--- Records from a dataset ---
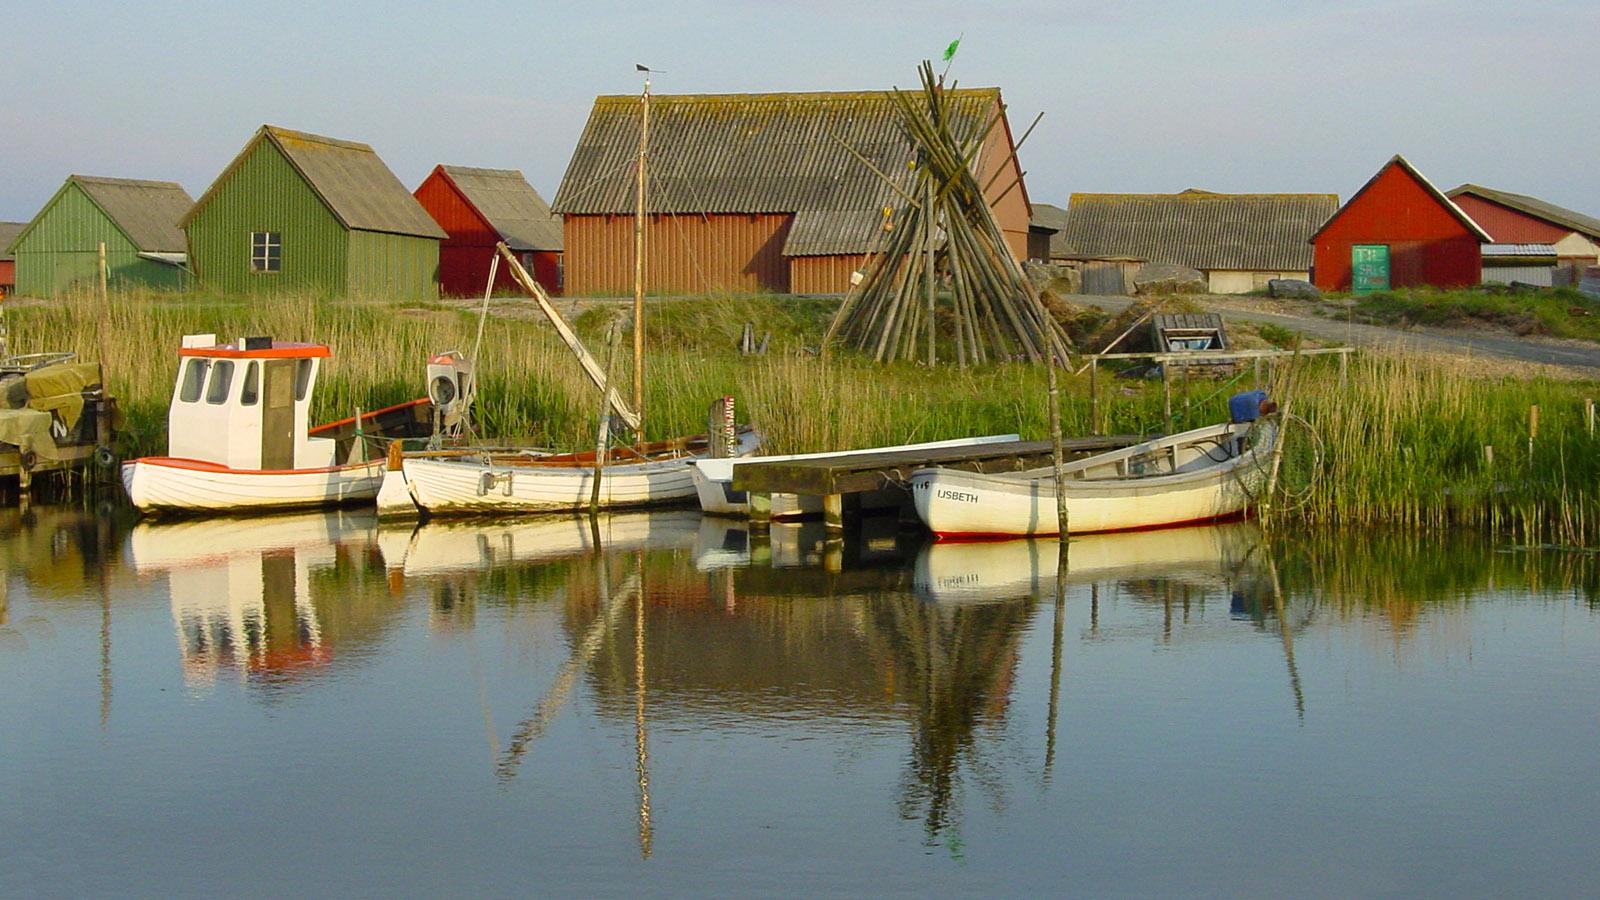 Von den Ferienhäusern im Gammel Havn blick ihre auf alte Fischerboote und Arbeitshütten. Foto: Hilke Maunder
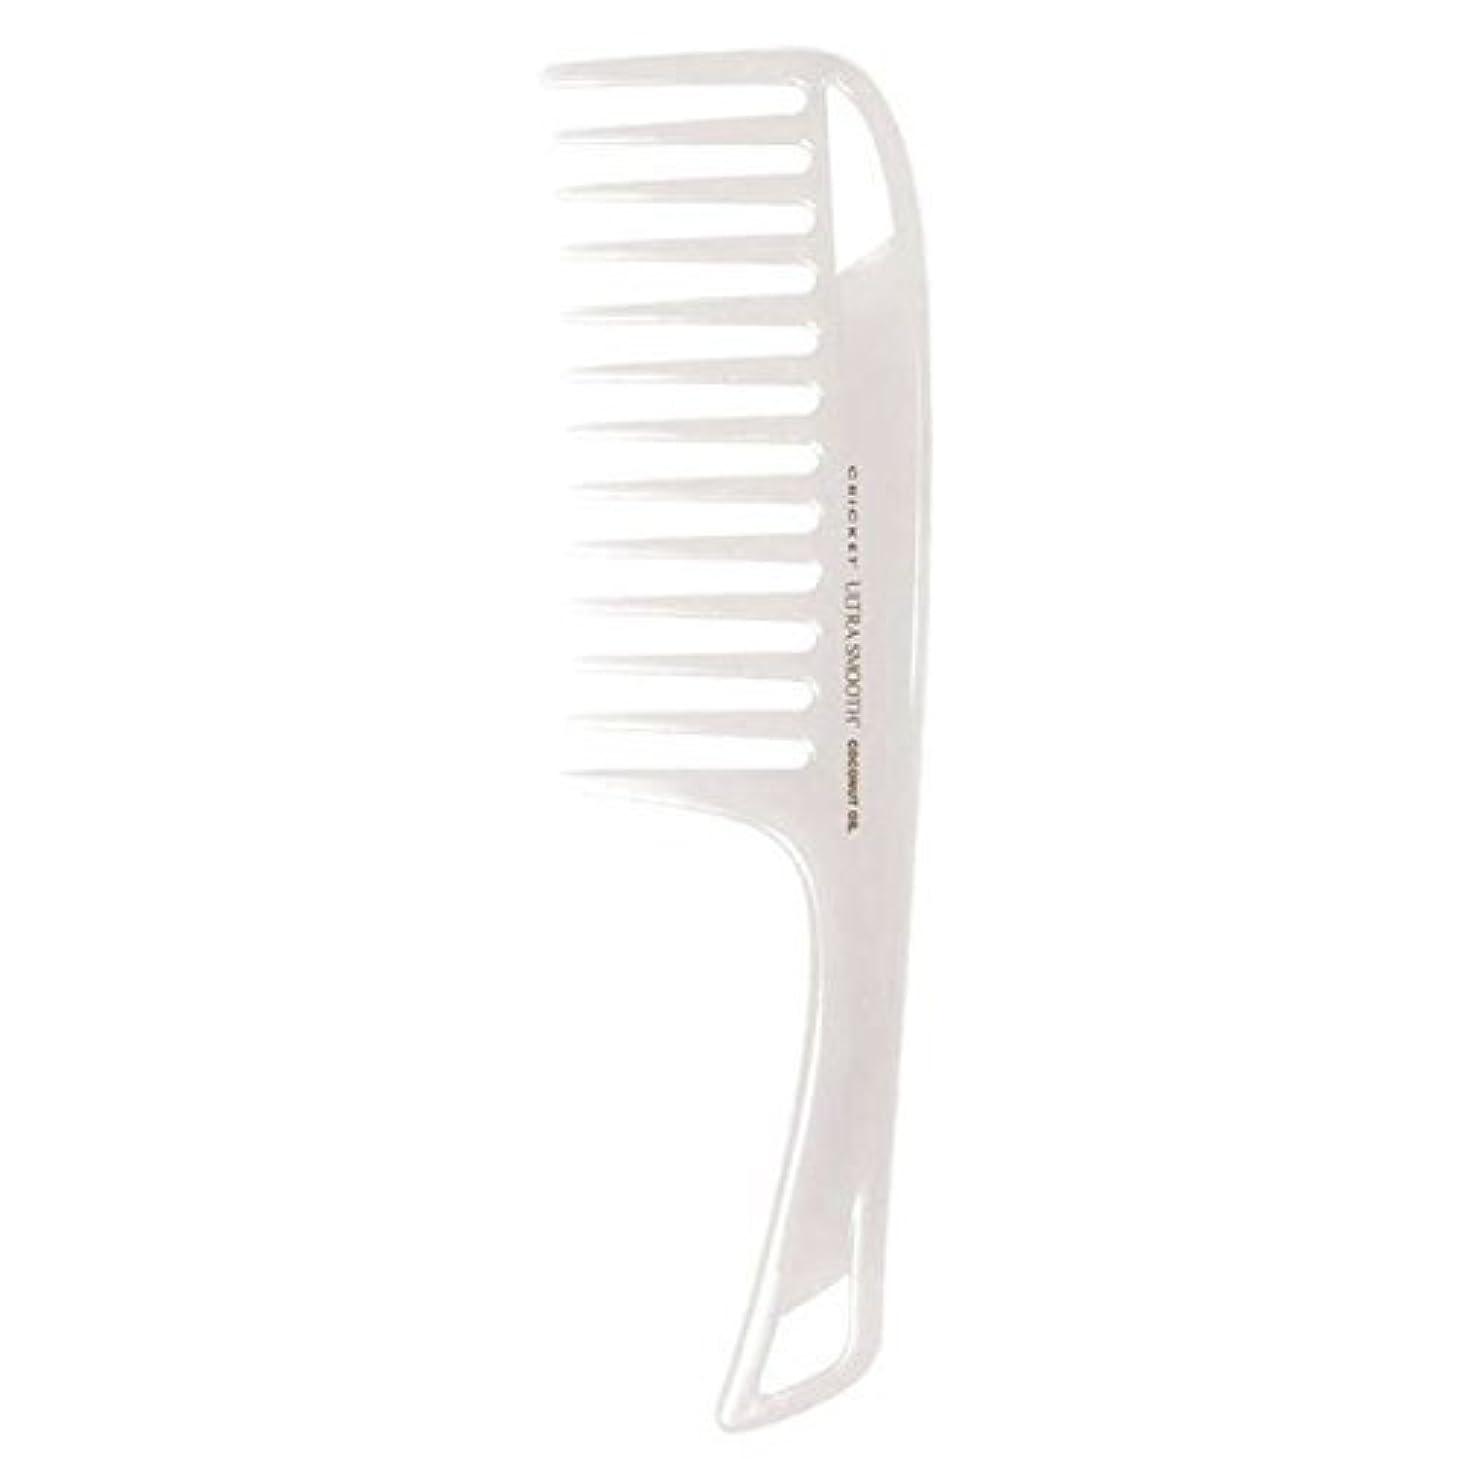 ジャベスウィルソンモード変成器Cricket Ultra Smooth Coconut Detangler Comb [並行輸入品]
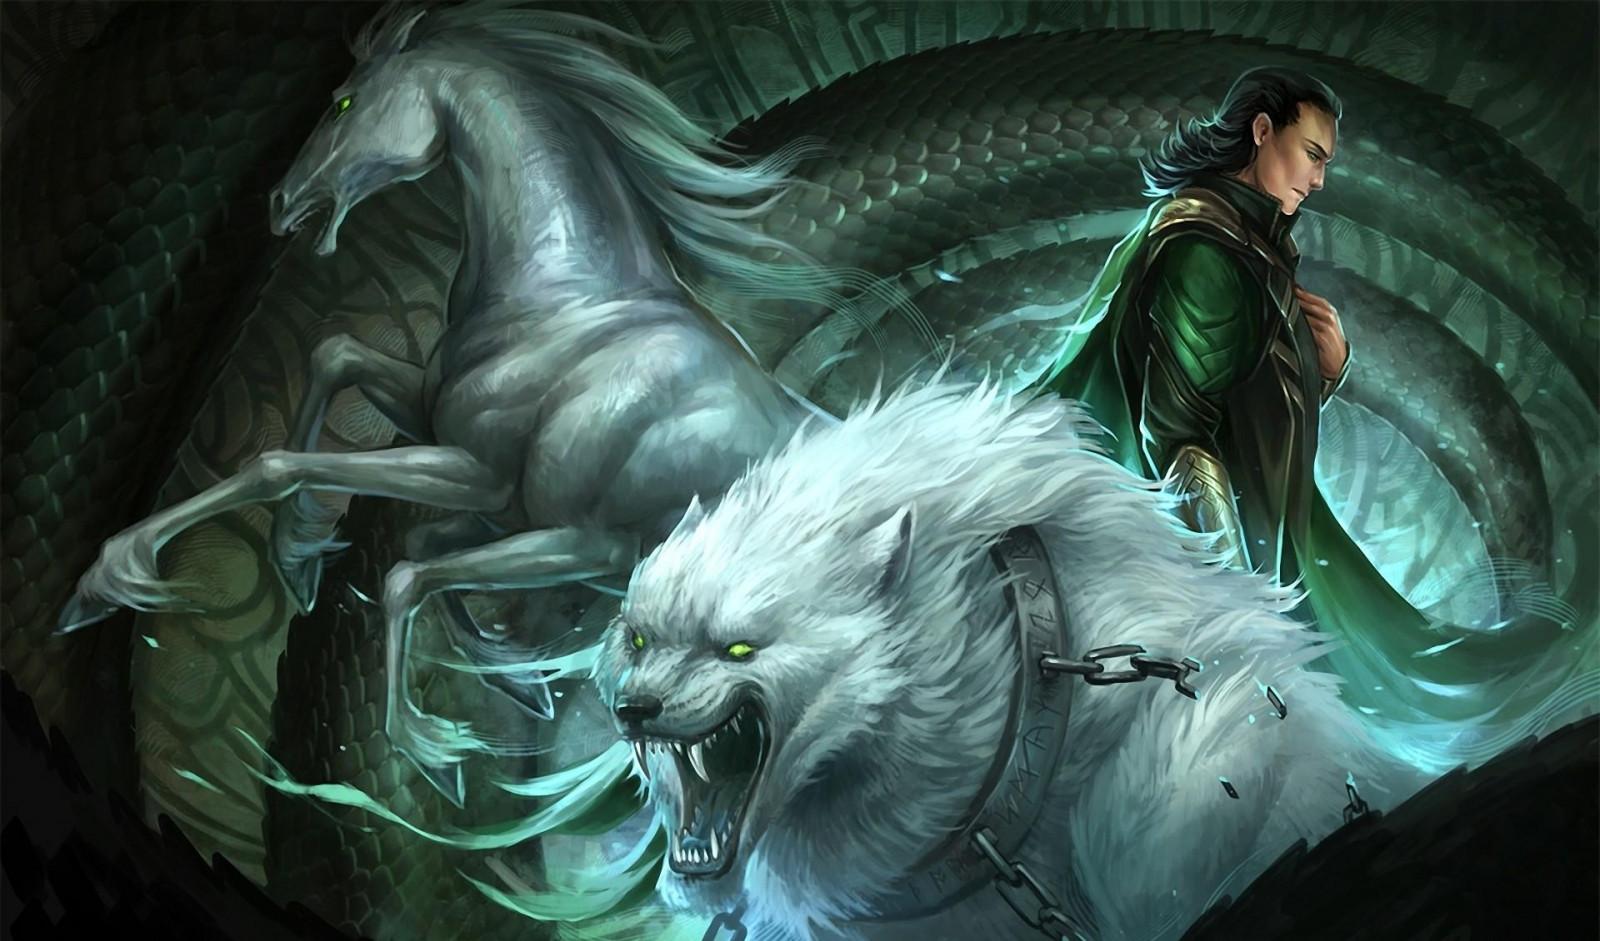 Sfondi illustrazione cavallo serpente catene lupo - Mitologia greca mitologia cavallo uomo ...
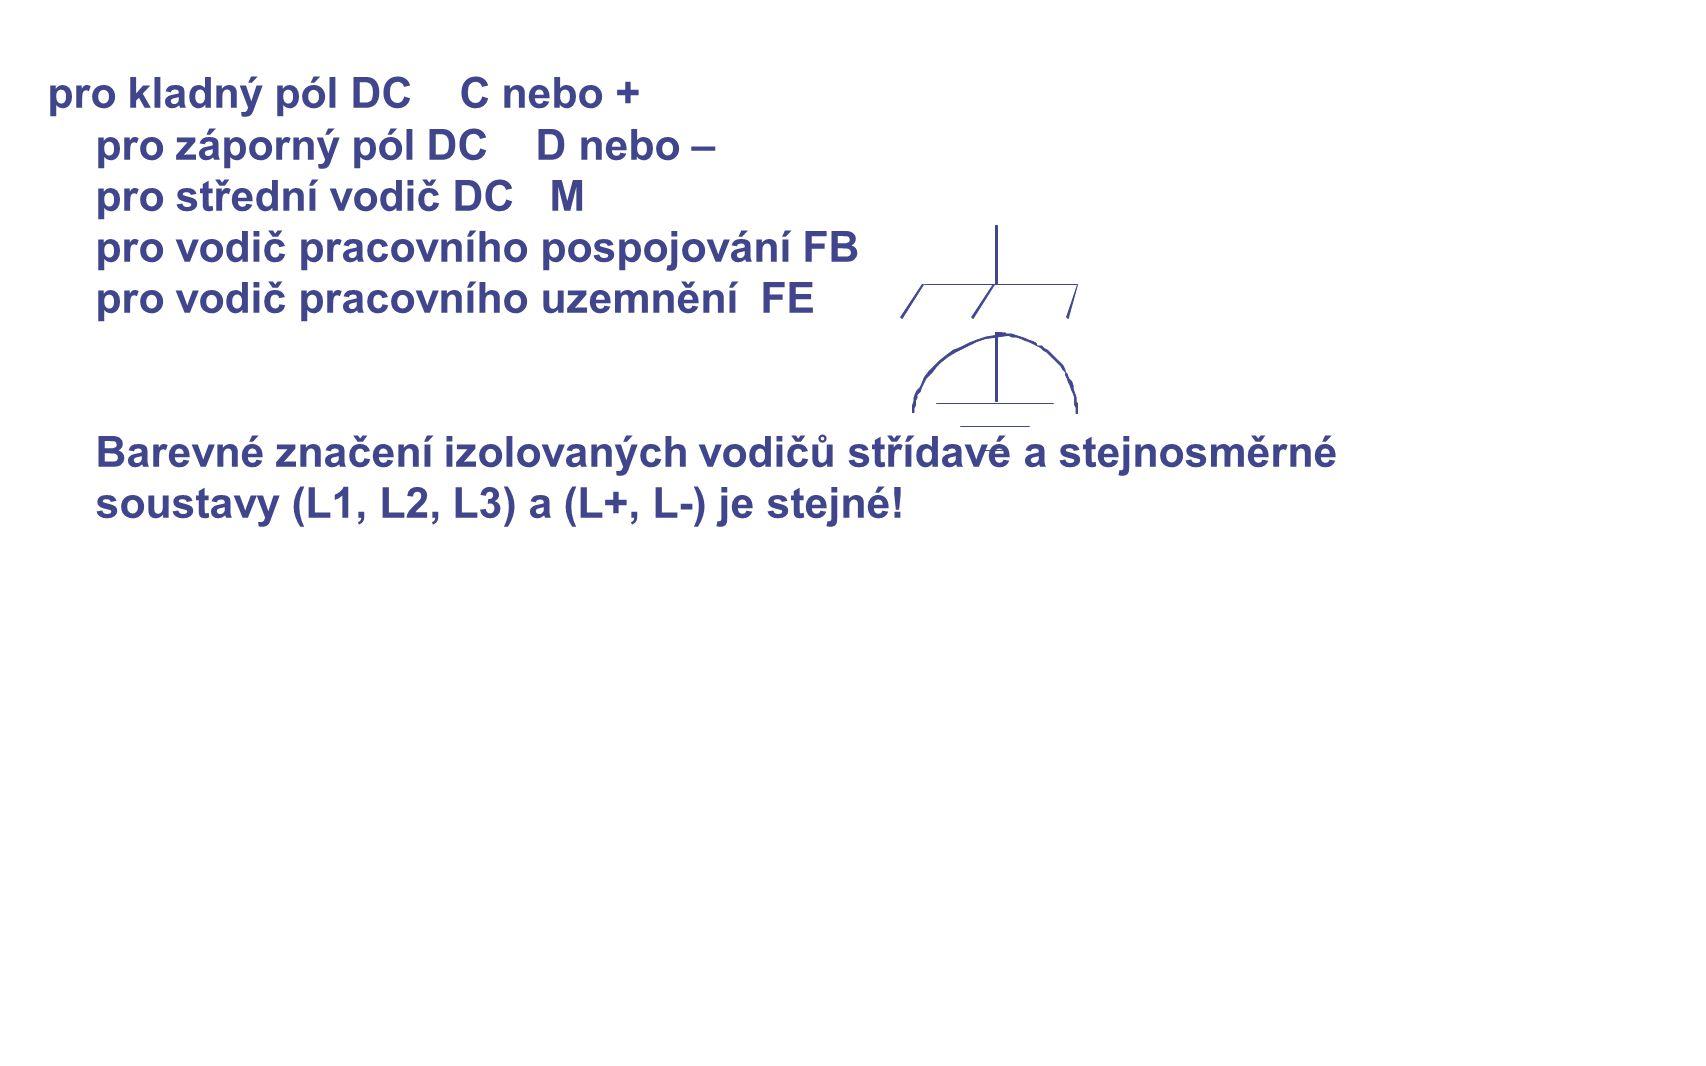 pro kladný pól DC C nebo + pro záporný pól DC D nebo – pro střední vodič DC M pro vodič pracovního pospojování FB pro vodič pracovního uzemnění FE Bar
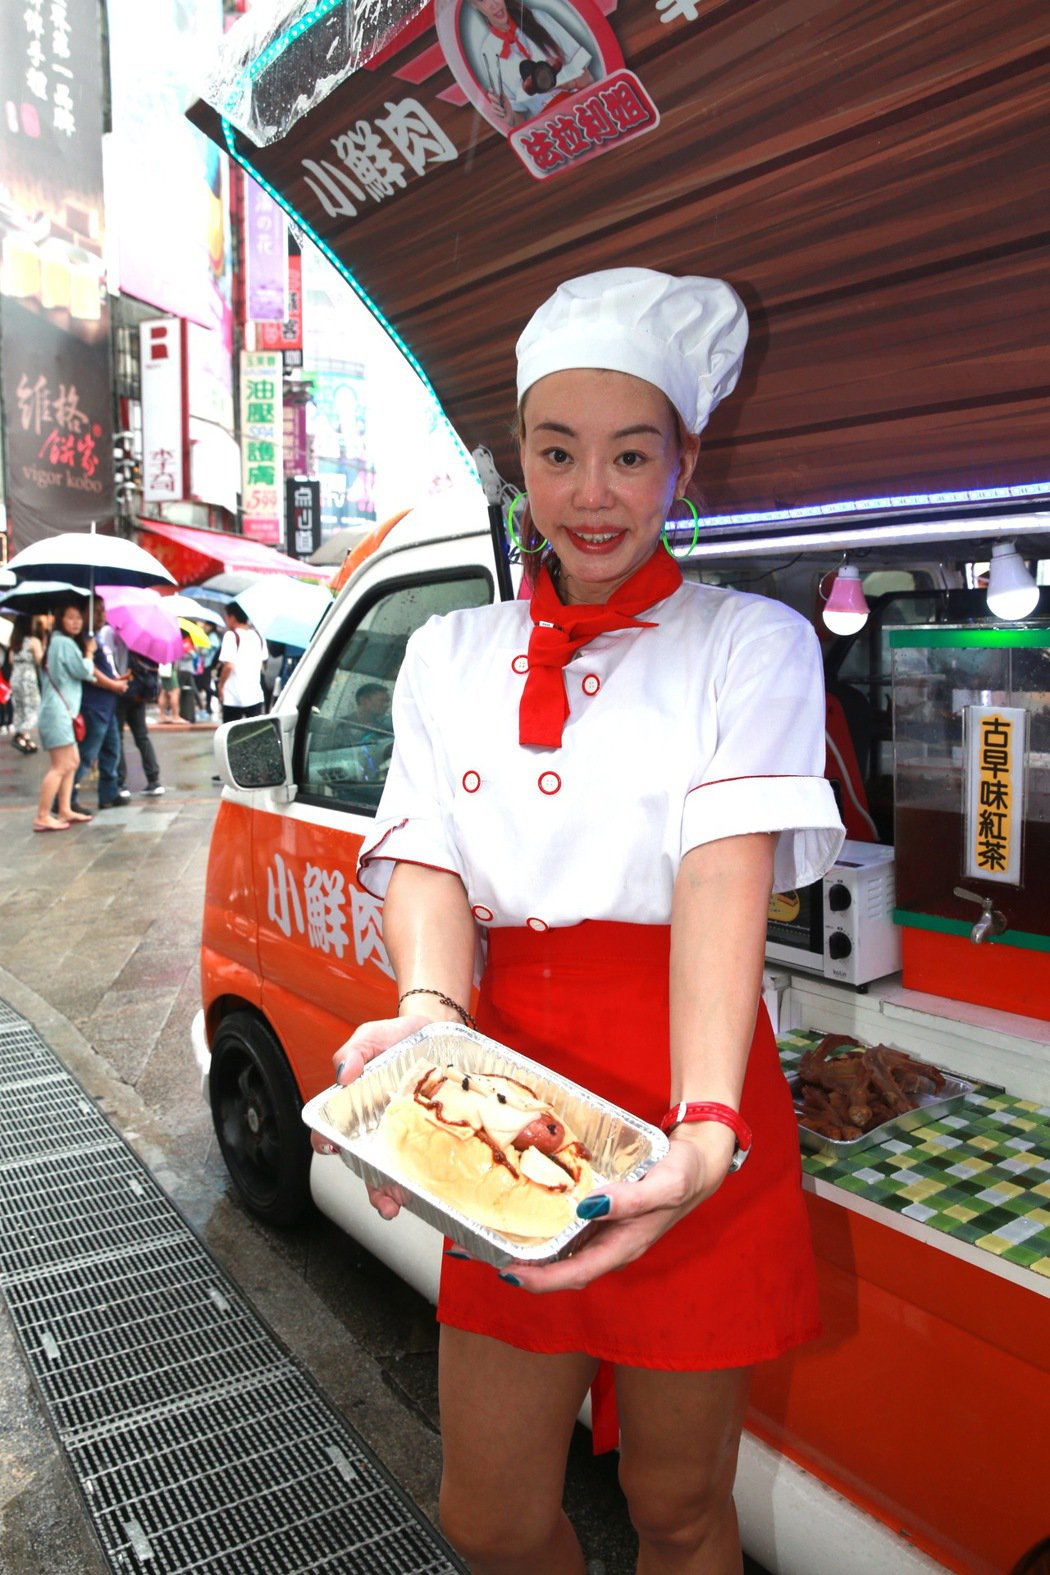 法拉利姐開餐車賣香腸,頻遭人檢舉。 圖/聯合報系資料照

--- ACTIVITY ---
Retype only the lines from the line with "ジャベスウィルソンモード変成器Cricket Ultra Smooth" through the last line of the data. Keep both ends and skip the pictures.

--- SOLVED EXERCISE ---
 ジャベスウィルソンモード変成器Cricket Ultra Smooth Coconut Detangler Comb [並行輸入品]
 Sfondi illustrazione cavallo serpente catene lupo - Mitologia greca mitologia cavallo uomo ...
 pro kladný pól DC C nebo + pro záporný pól DC D nebo – pro střední vodič DC M pro vodič pracovního pospojování FB pro vodič pracovního uzemnění FE Bar
 法拉利姐開餐車賣香腸,頻遭人檢舉。 圖/聯合報系資料照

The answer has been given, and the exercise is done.